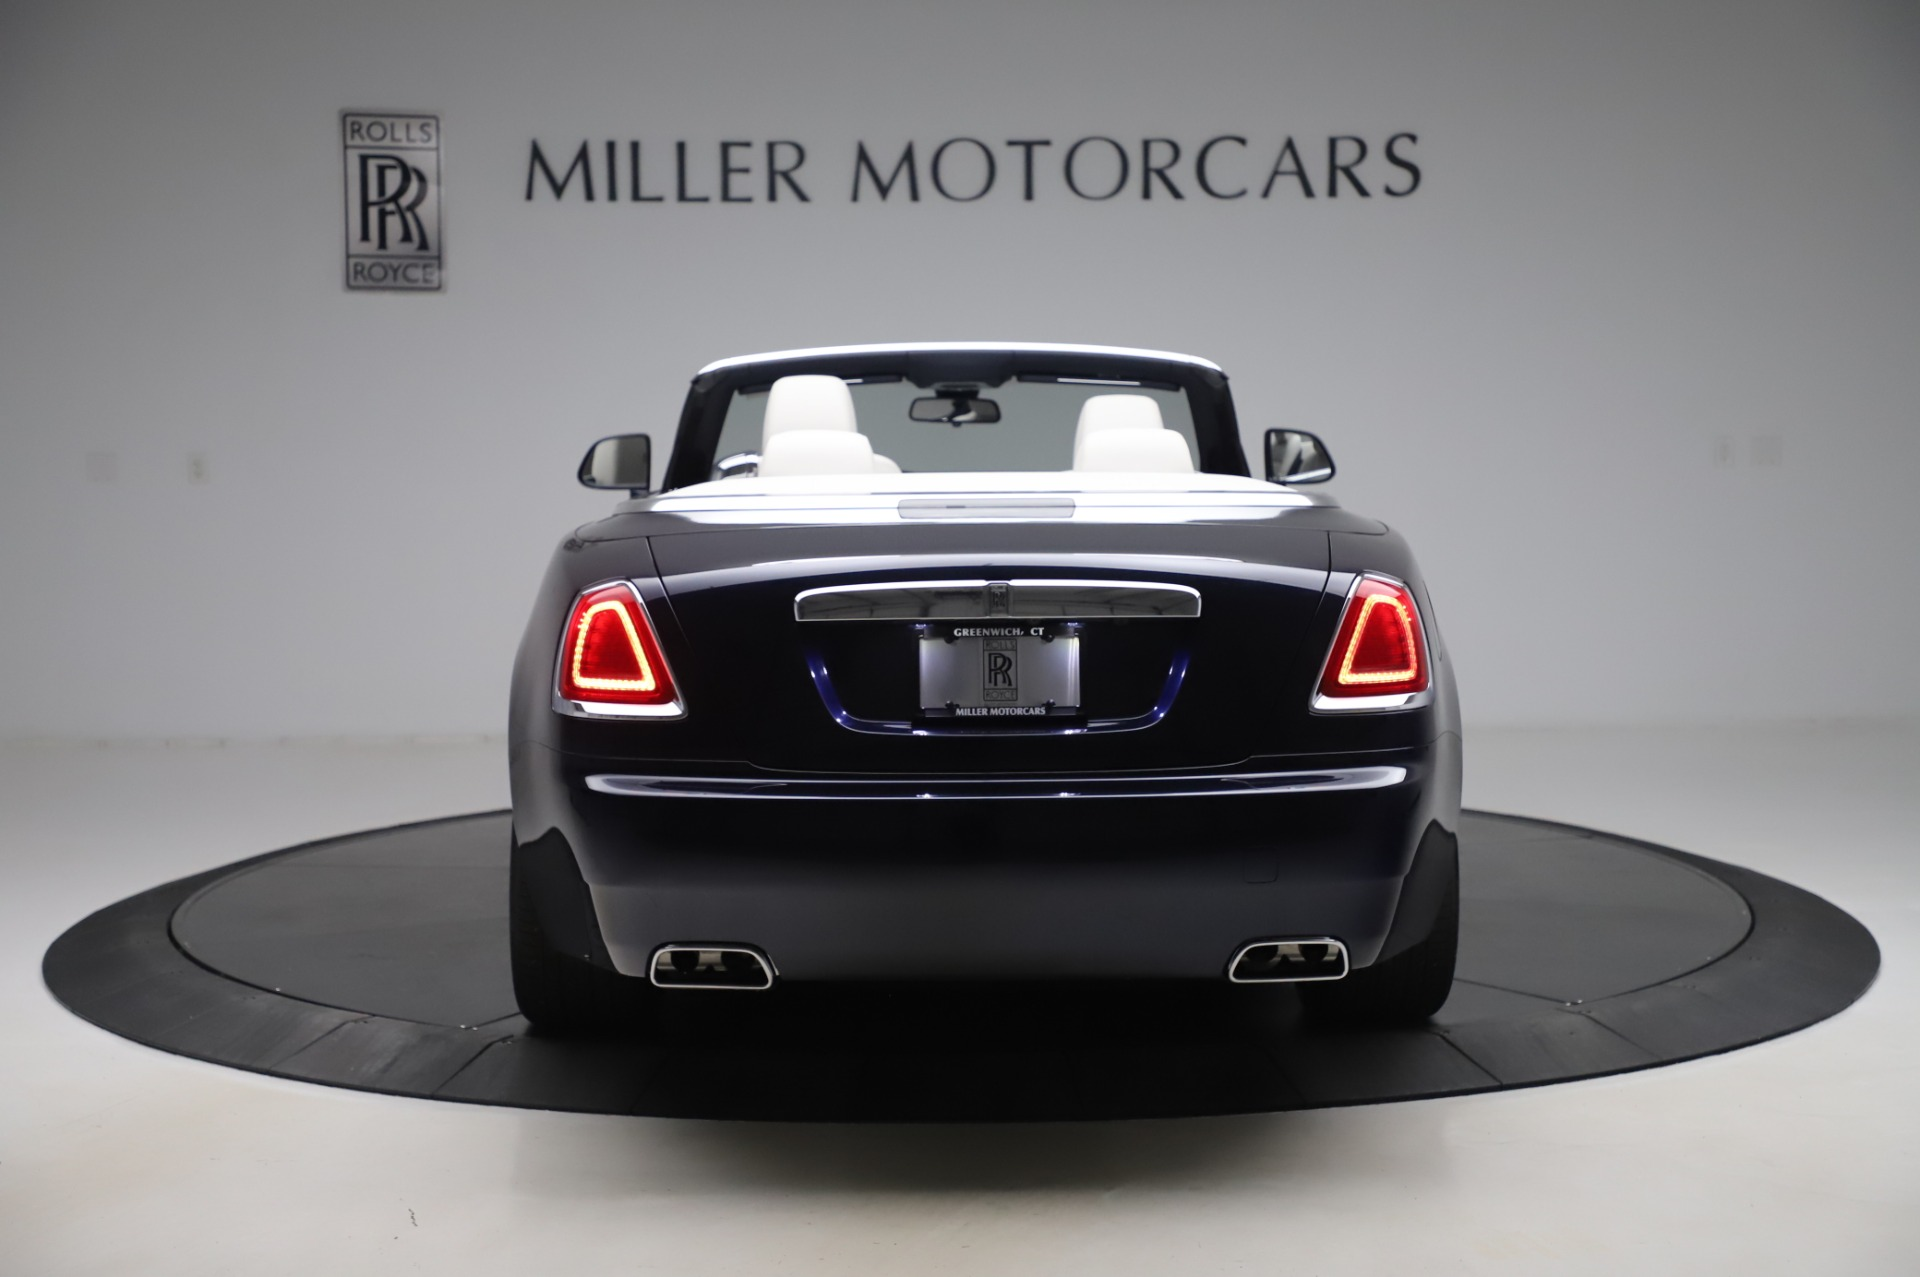 Used 2020 Rolls Royce Dawn
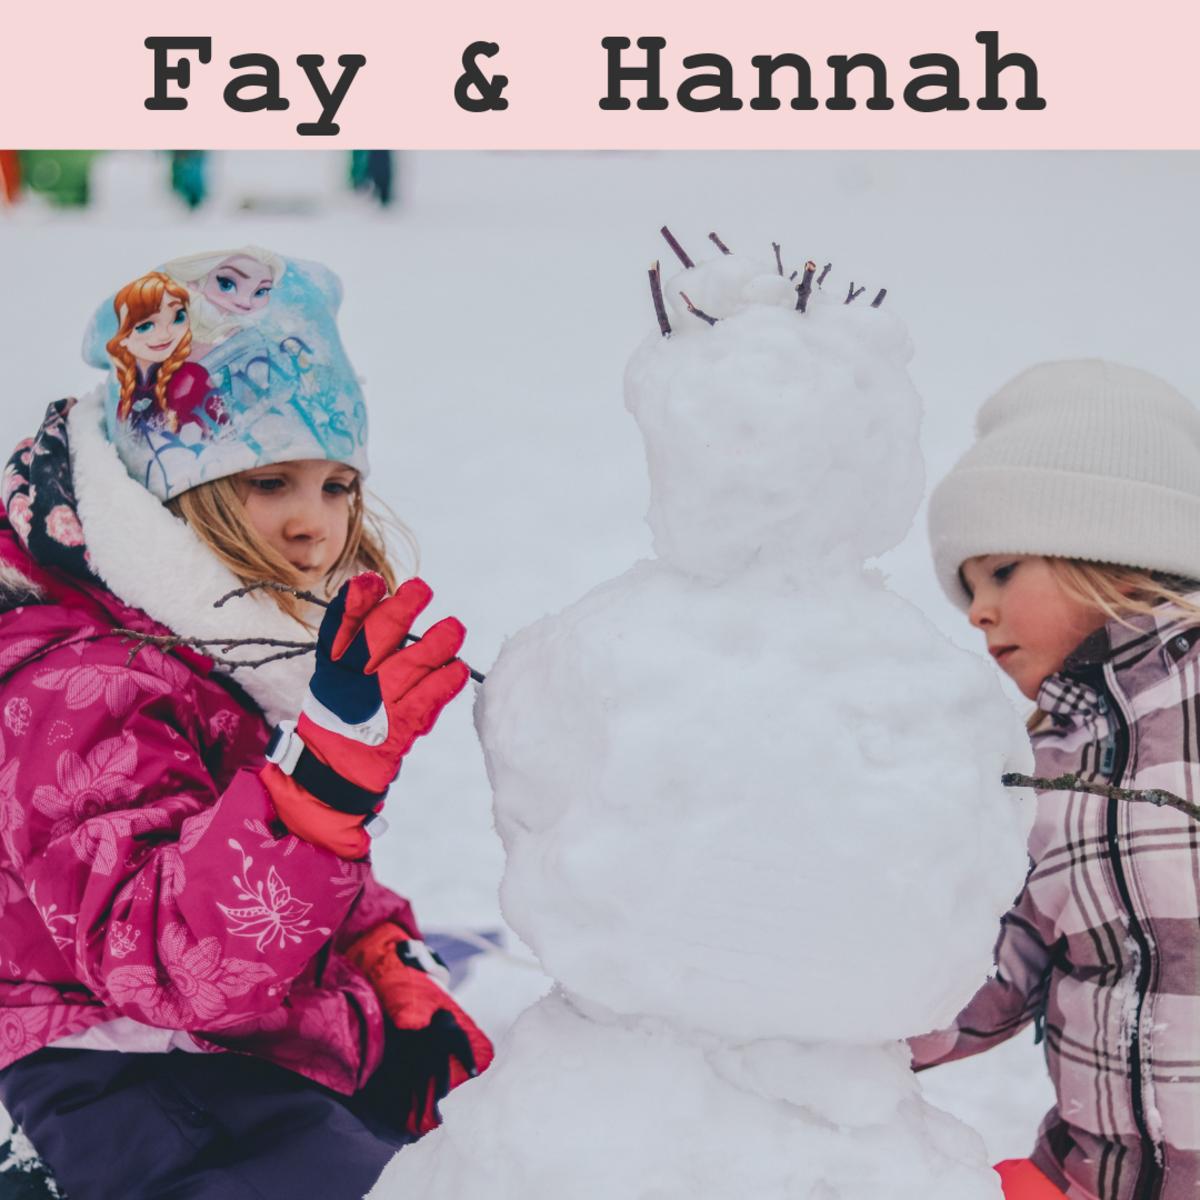 Fay and Hannah
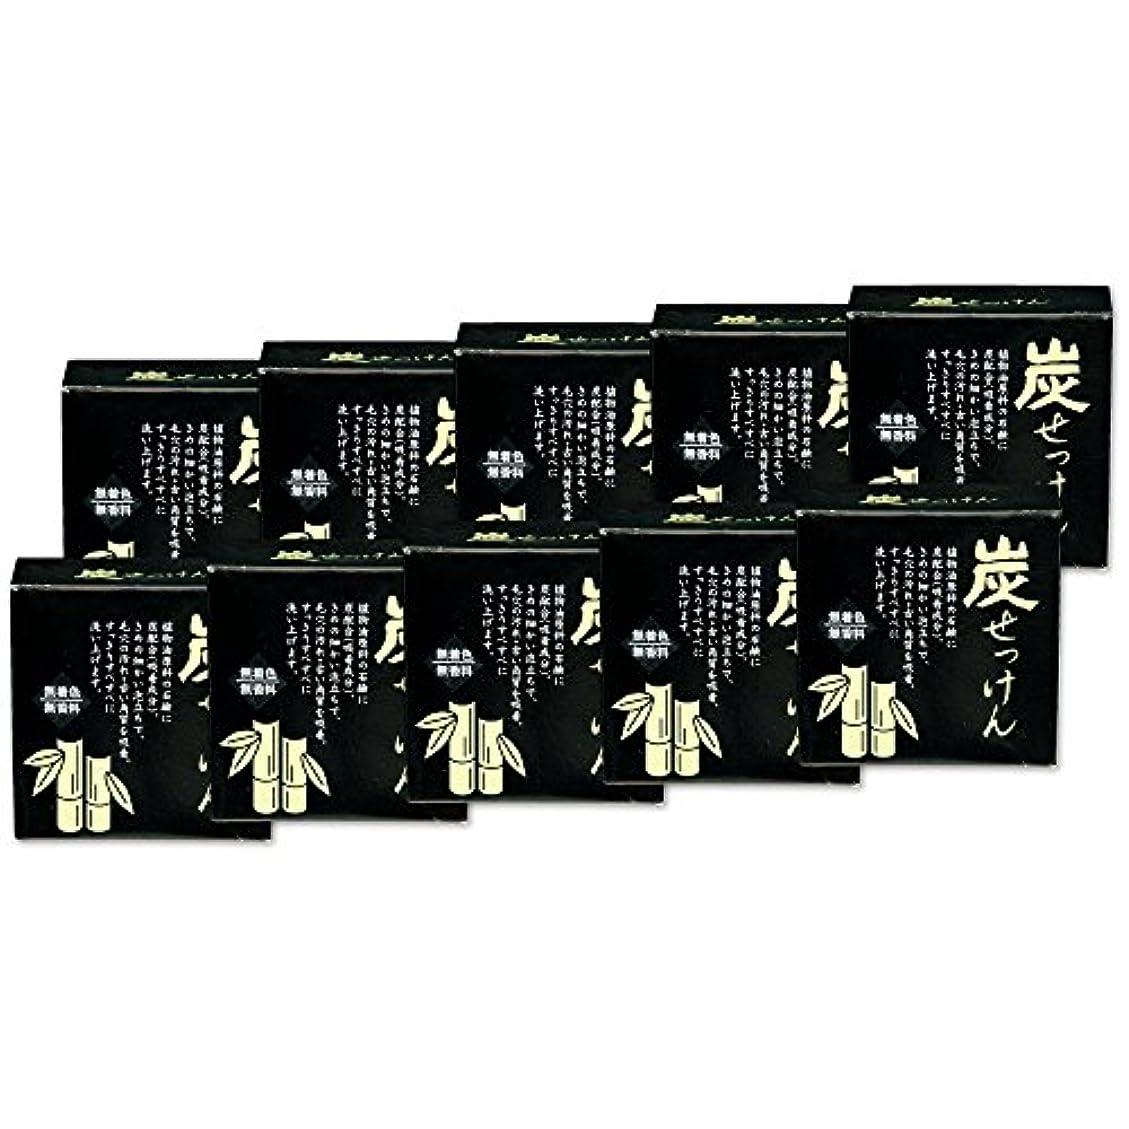 寺院ラベンダージョセフバンクス竹炭の里 炭せっけん 無香料 無着色 100g 10個セット 累計販売100万個突破の人気商品。
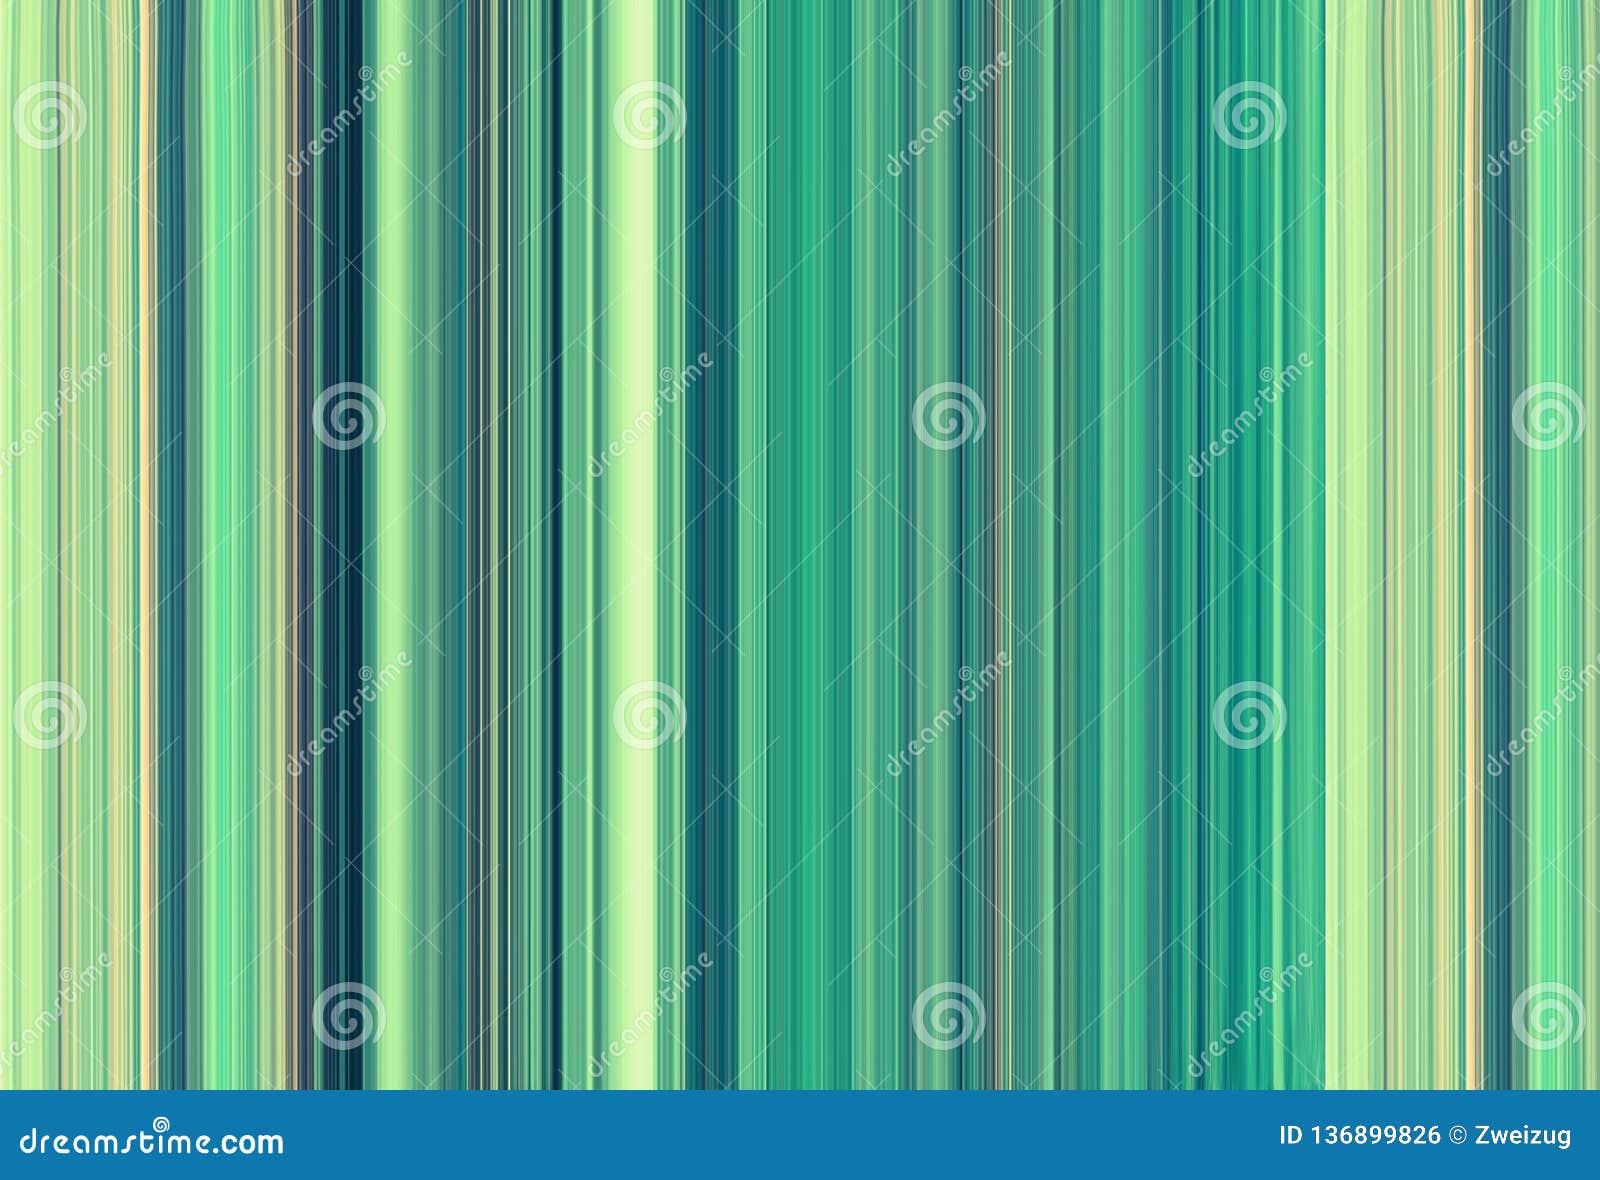 Fondo verde binario de la textura de la dimensión del código del estante para libros interestelar
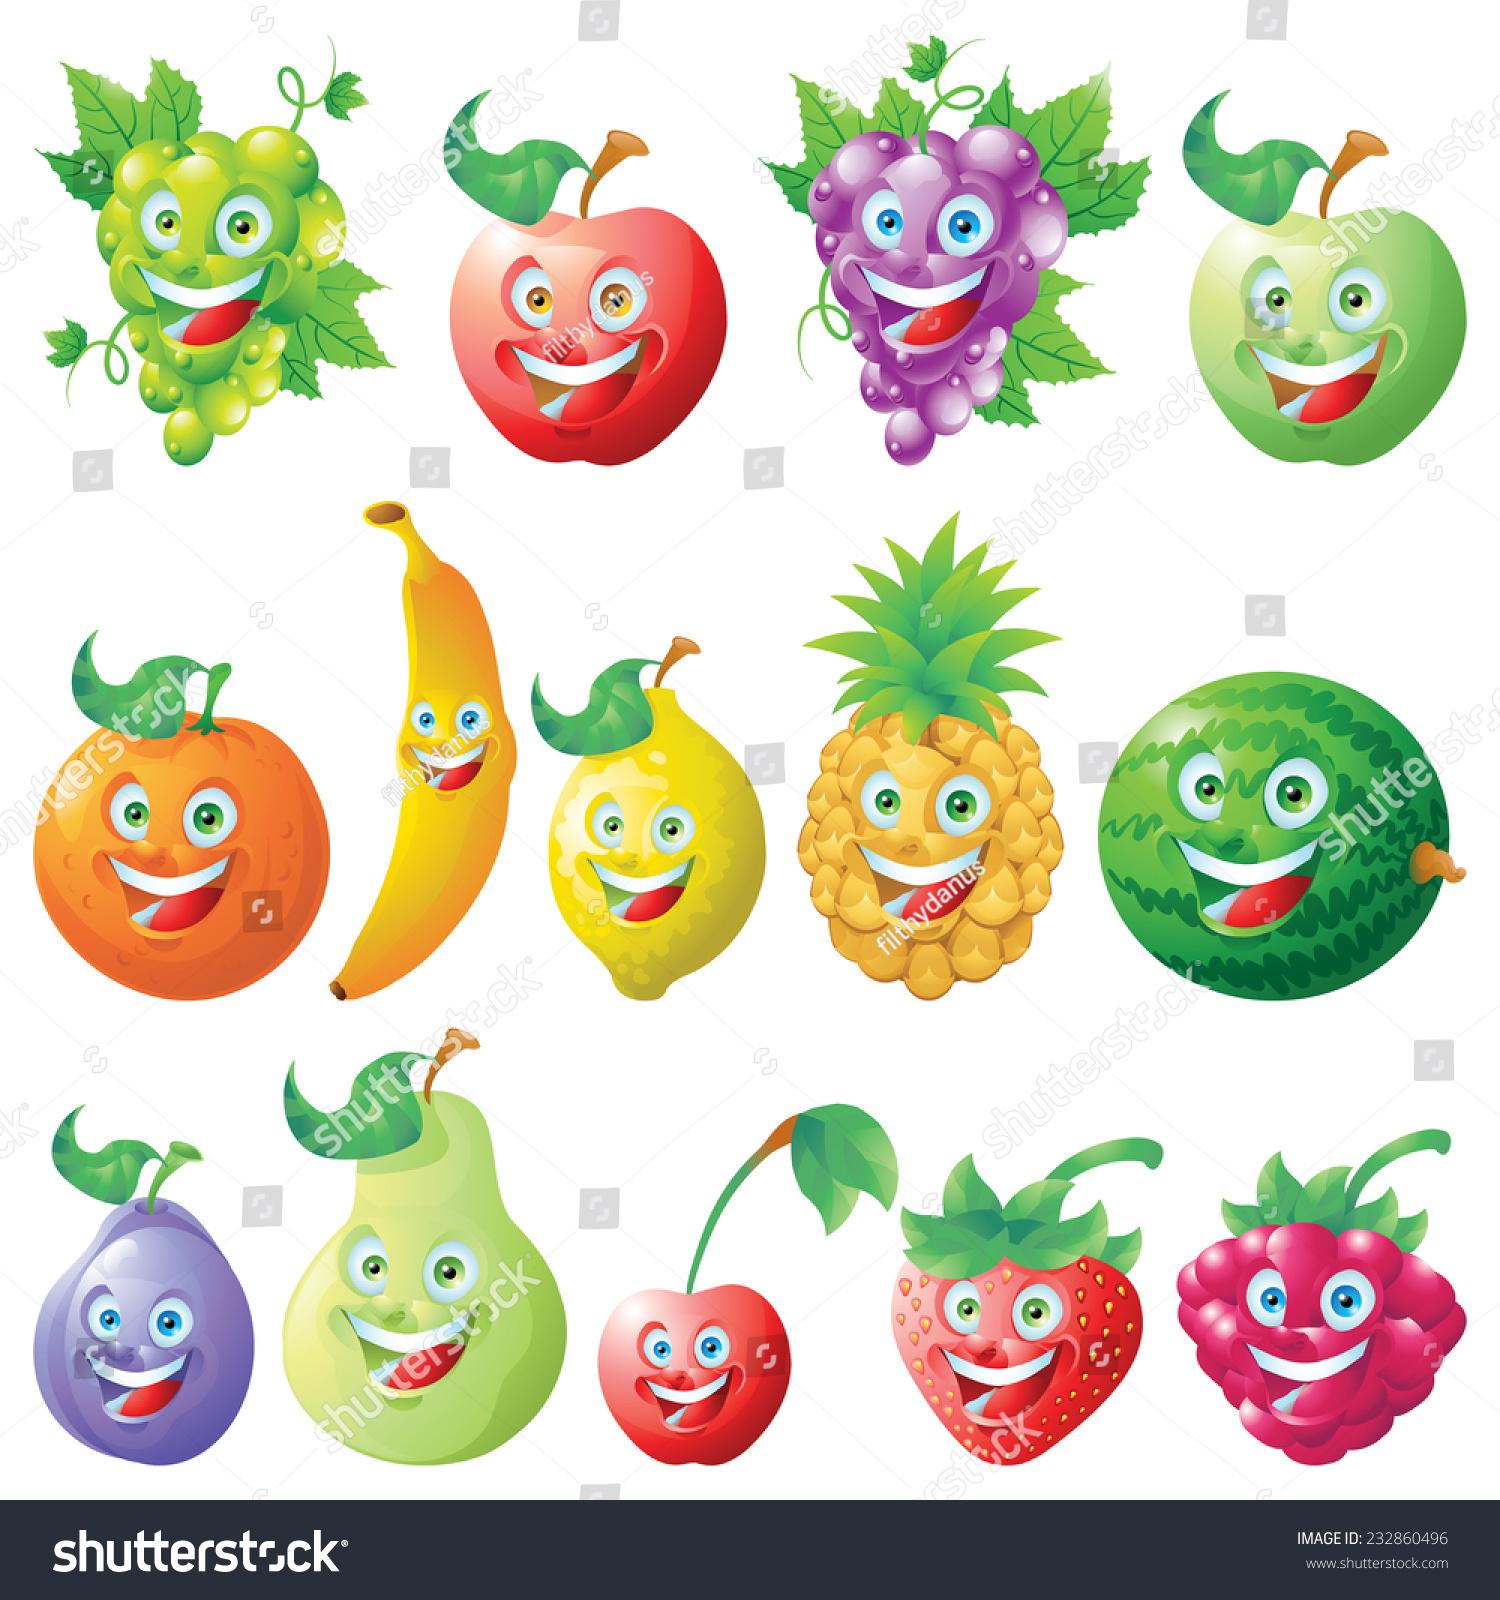 水果图标卡通人物-食品及饮料
○ ○ ○ ○ ○
• **WHAT IS EXPECTED**: All of the records need to be restated word for word, but not the pictures.

• **RESPONSE FOR THIS EXERCISE**:
 Used 2020 Rolls Royce Dawn
 Fay and Hannah
 寺院ラベンダージョセフバンクス竹炭の里 炭せっけん 無香料 無着色 100g 10個セット 累計販売100万個突破の人気商品。
 Fondo verde binario de la textura de la dimensión del código del estante para libros interestelar
 水果图标卡通人物-食品及饮料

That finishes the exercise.